CHAPTER X
The reader has, doubtless, by this time judged with much severity
not only Catharine, but Mr. Cardew. It is admitted to the full that
they are both most unsatisfactory and most improbable. Is it likely
that in a sleepy Midland town, such as Eastthorpe, knowing nothing
but the common respectabilities of the middle of this century, the
daughter of an ironmonger would fall in love with a married
clergyman? Perhaps to their present biographer it seems more
remarkable than to his readers. He remembers what the Eastern
Midlands were like fifty years ago and they do not. They are
thinking of Eastthorpe of the present day, of its schoolgirls who
are examined in Keats and Shelley, of the Sunday morning walks
there, and of the, so to speak, smelling acquaintance with sceptical
books and theories which half the population now boasts. But
Eastthorpe, when Mr. Cardew was at Abchurch, was totally different.
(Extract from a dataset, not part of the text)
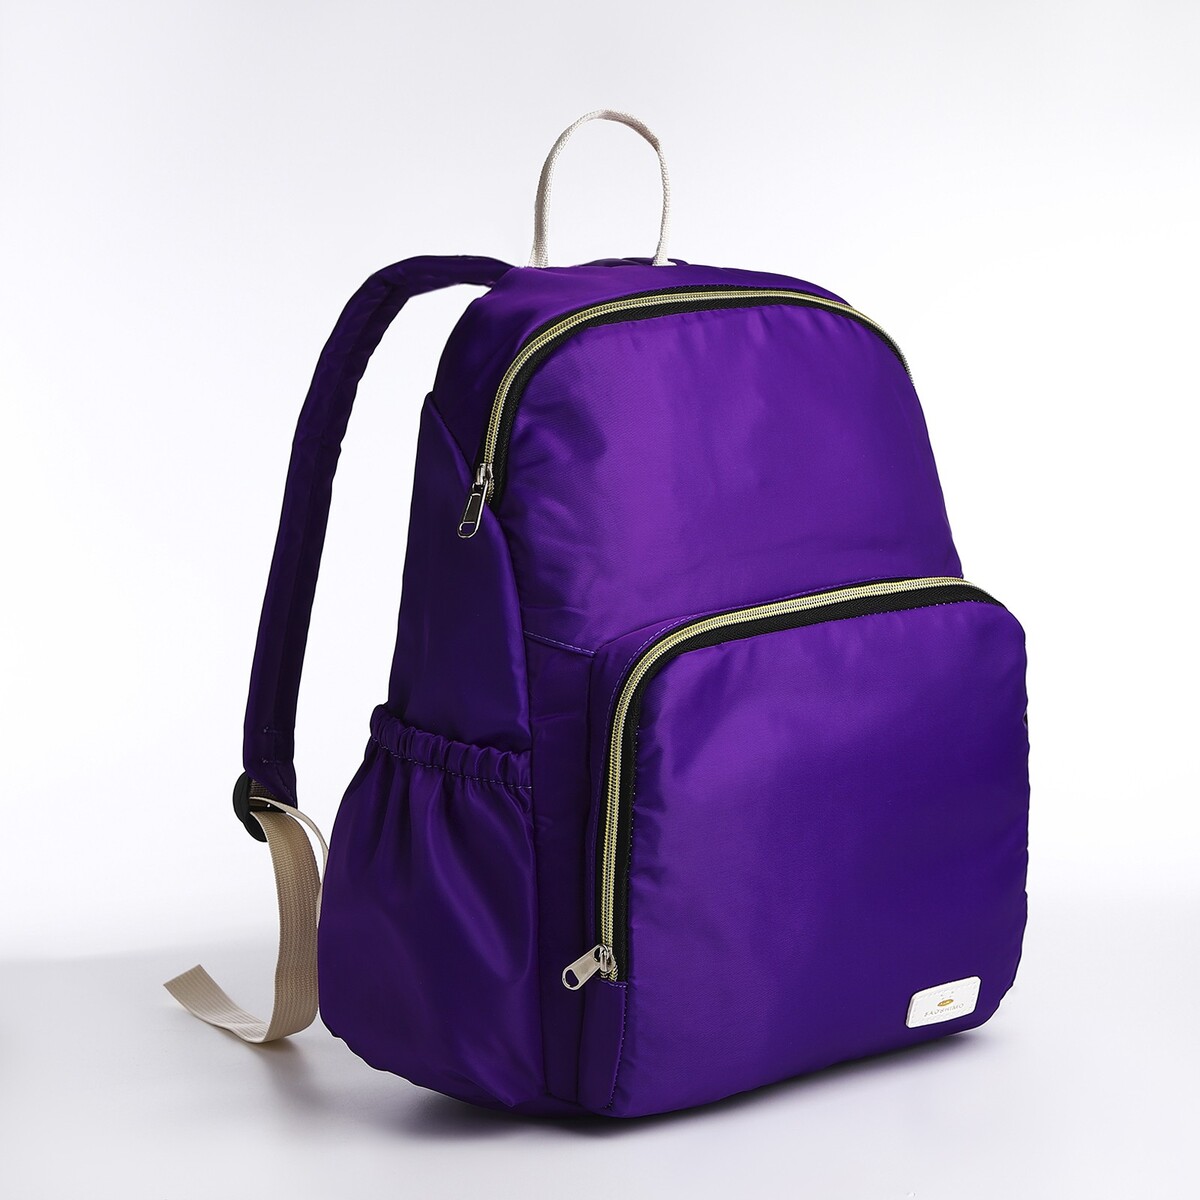 Рюкзак на молнии, цвет фиолетовый рюкзак kingkong i 10 wb 9062 черн средний фоторюкзак
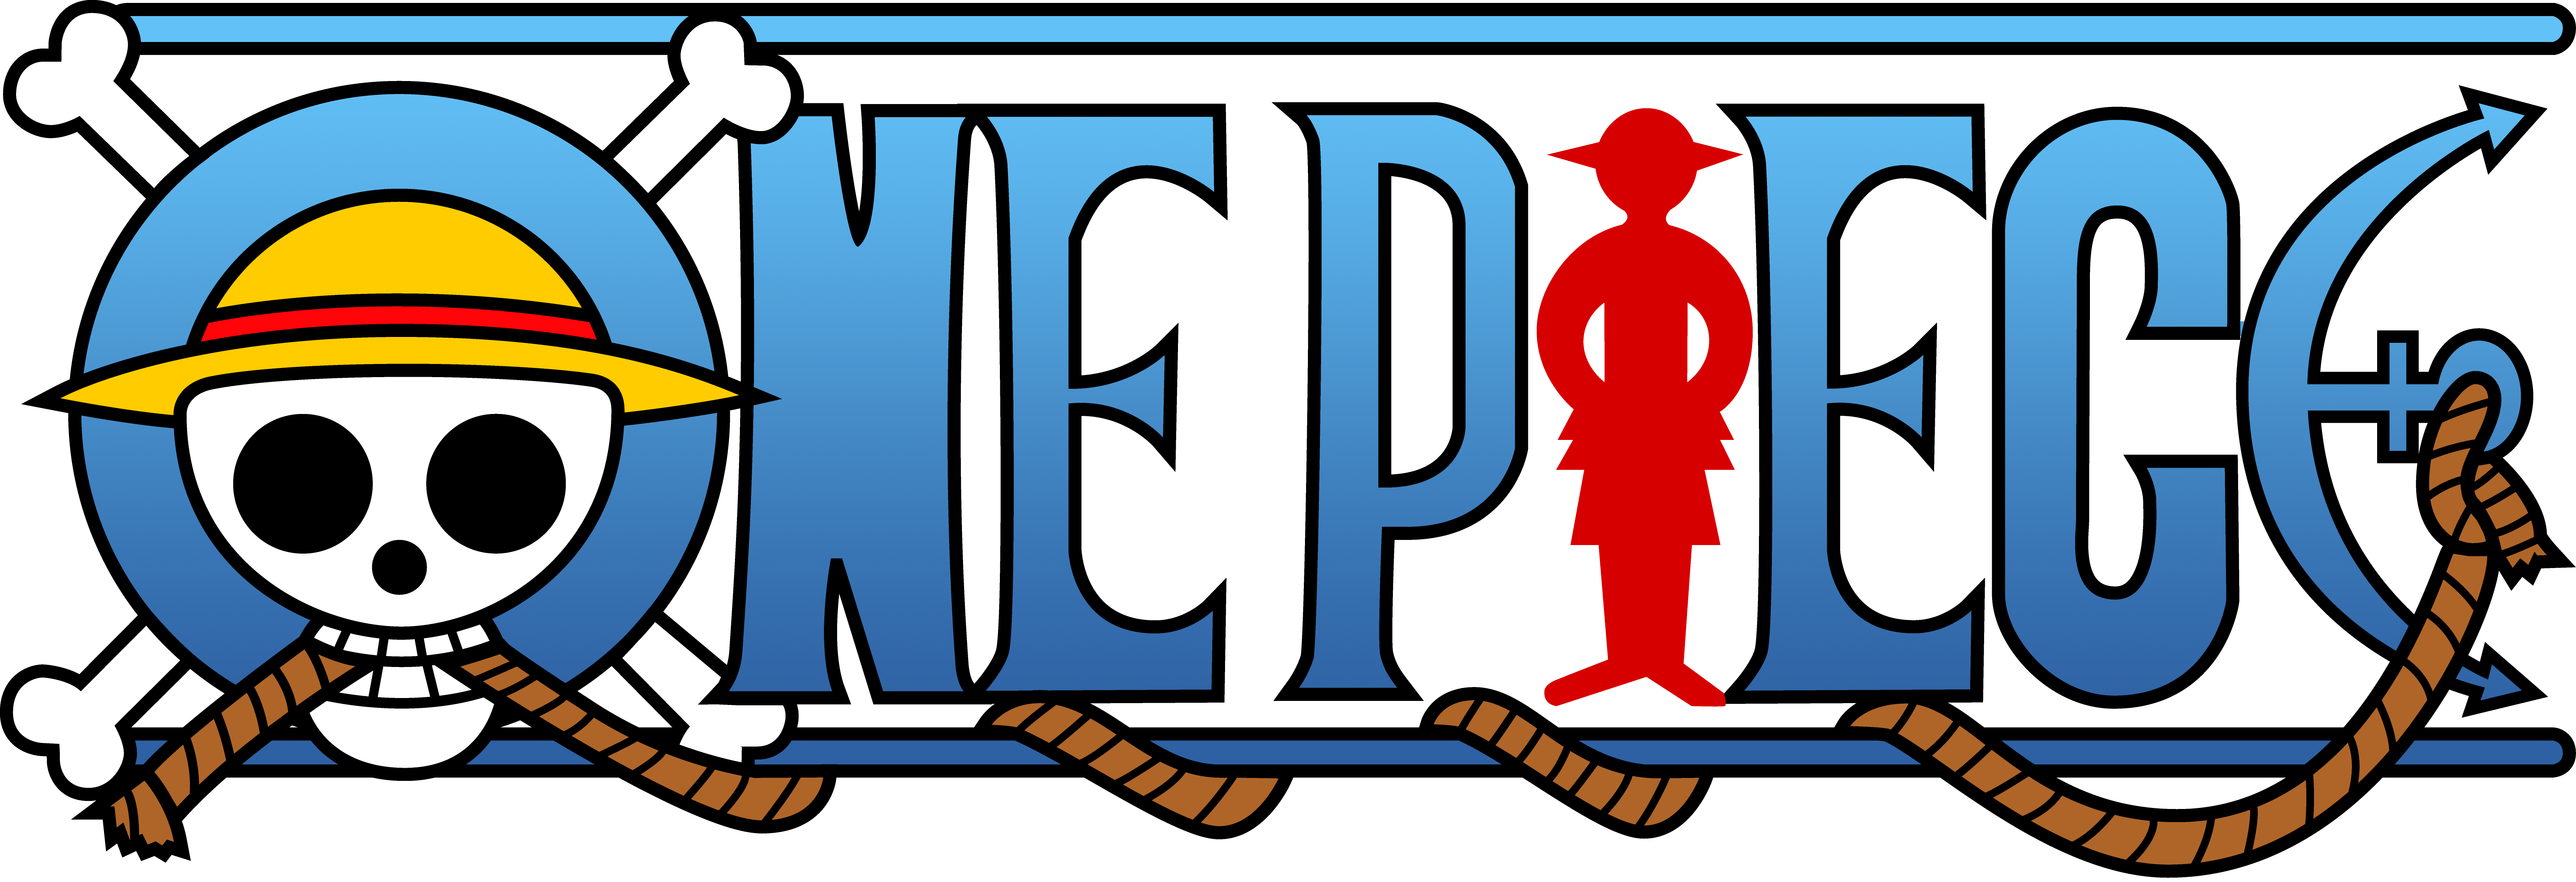 Obraz - One-Piece-Logo-Wallpapers-HD.png – Pora na Przygod?! Wiki

It knew what it was for parsons to go wrong. It had not forgotten a
former rector and the young woman at the Bell. What talk there was
about that affair! Happily his friends were well connected: they
exerted themselves, and he obtained a larger sphere of usefulness
two hundred miles away. Mr. Cardew, however, was not that rector,
and Catharine was not the pretty waitress, and it is time now to
tell the promised early history of Mr. Cardew.
He was the son of a well-to-do London merchant, who lived in
Stockwell, in a large, white house, with a garden of a couple of
acres, shaded by a noble cedar in its midst.